Data shown
Content starts

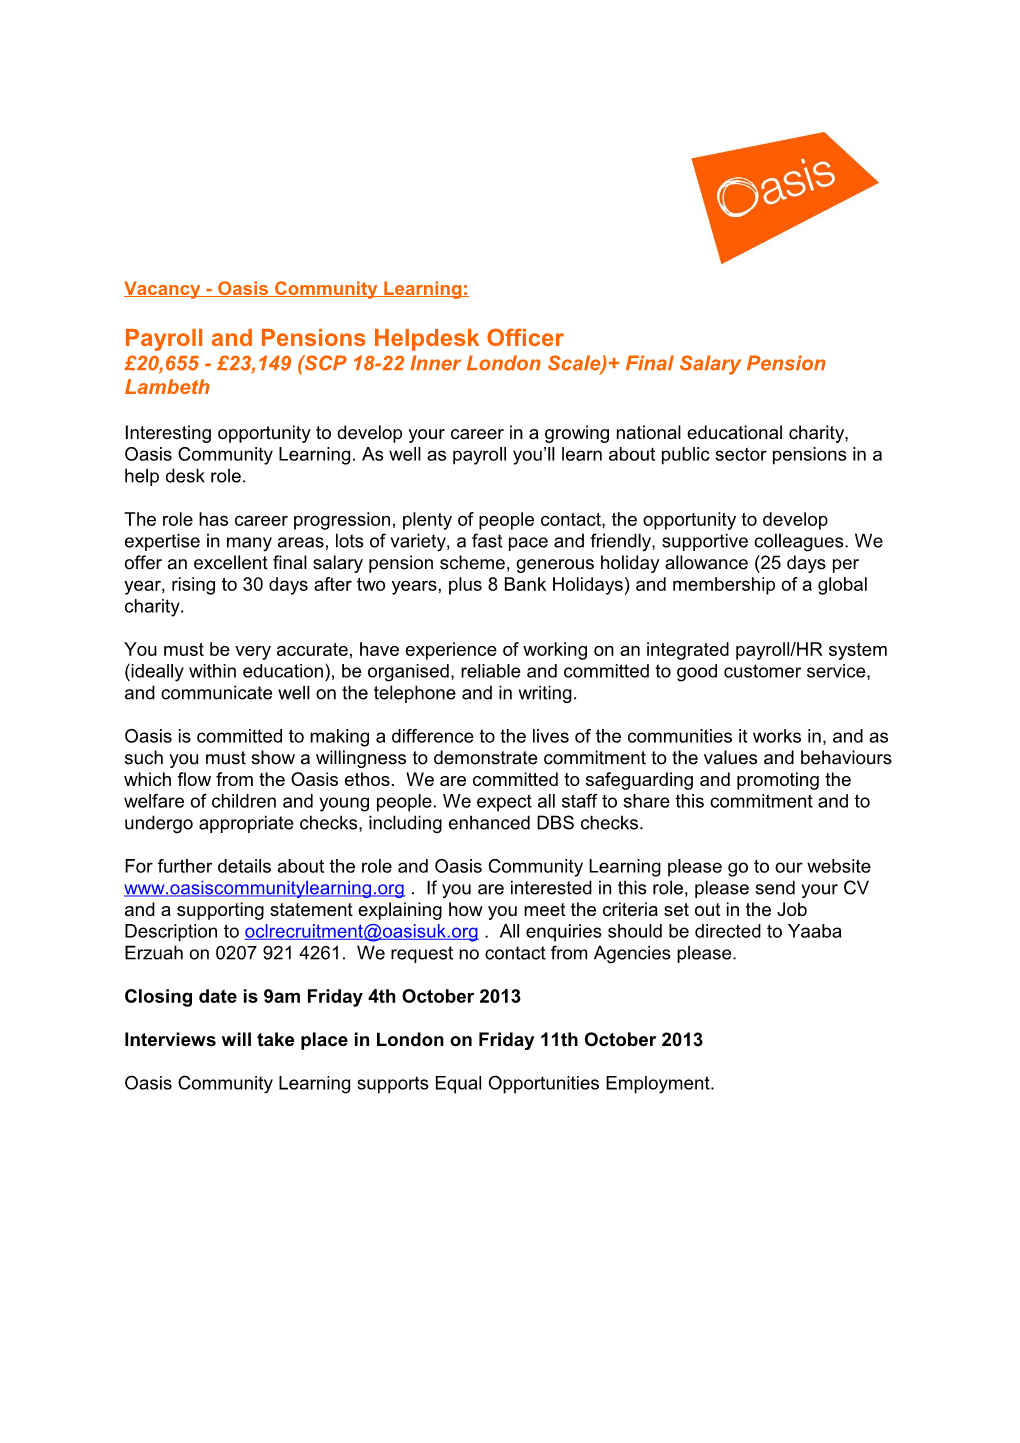 Vacancy - Oasis Community Learning
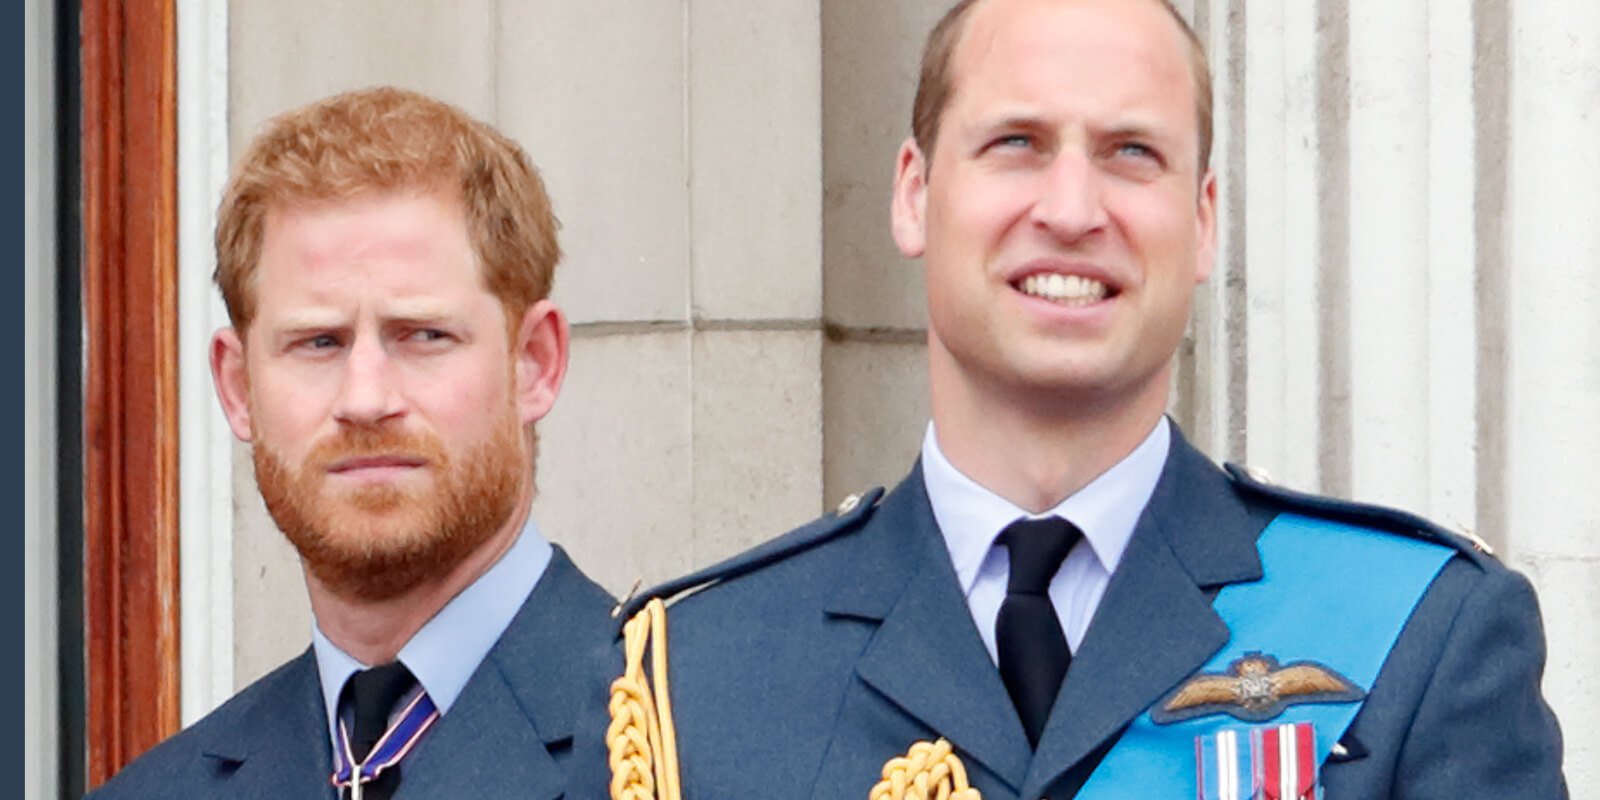 Prince Harry and Prince William's text exchange goes viral on TikTok.
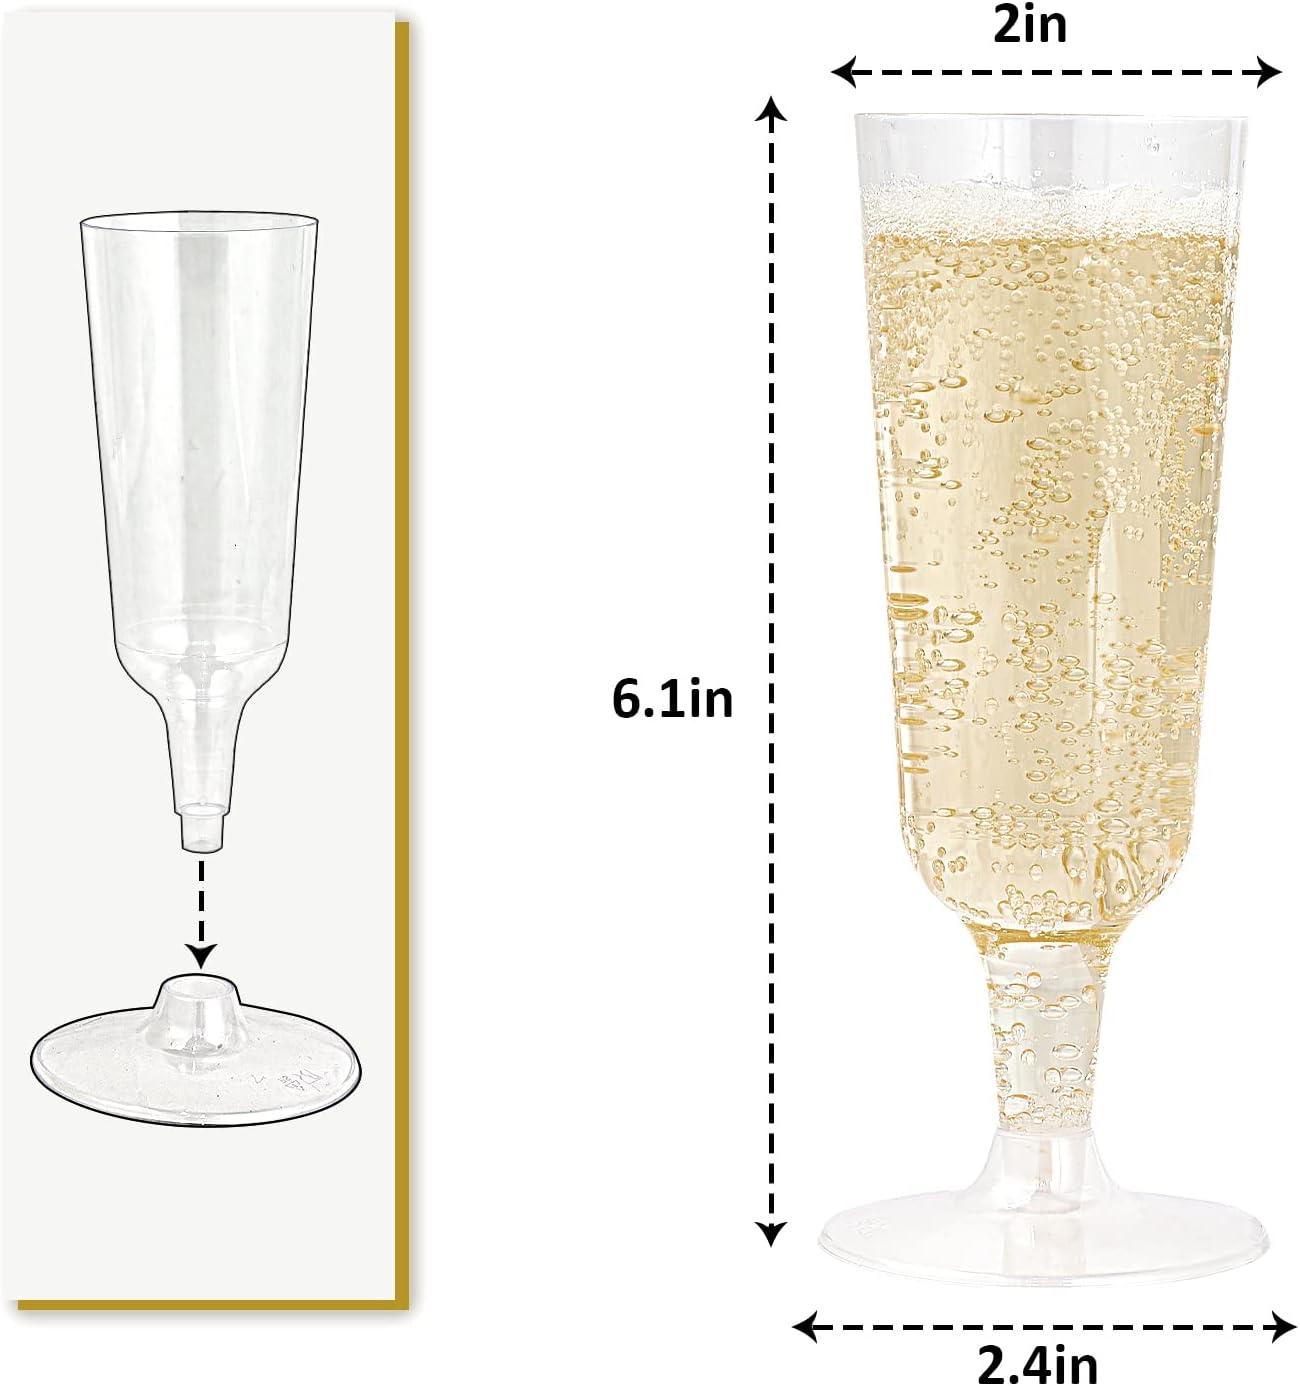 JOLLY CHEF 48 Pack Plastic Champagne Flutes 9 oz

Content ends

Assignment
Could you write out exactly the lines from the line containing "Prince Harry and" to the end of the material, and nothing else? No pictures belong in the copy.

Exercise result
 Prince Harry and Prince William's text exchange goes viral on TikTok.
 JOLLY CHEF 48 Pack Plastic Champagne Flutes 9 oz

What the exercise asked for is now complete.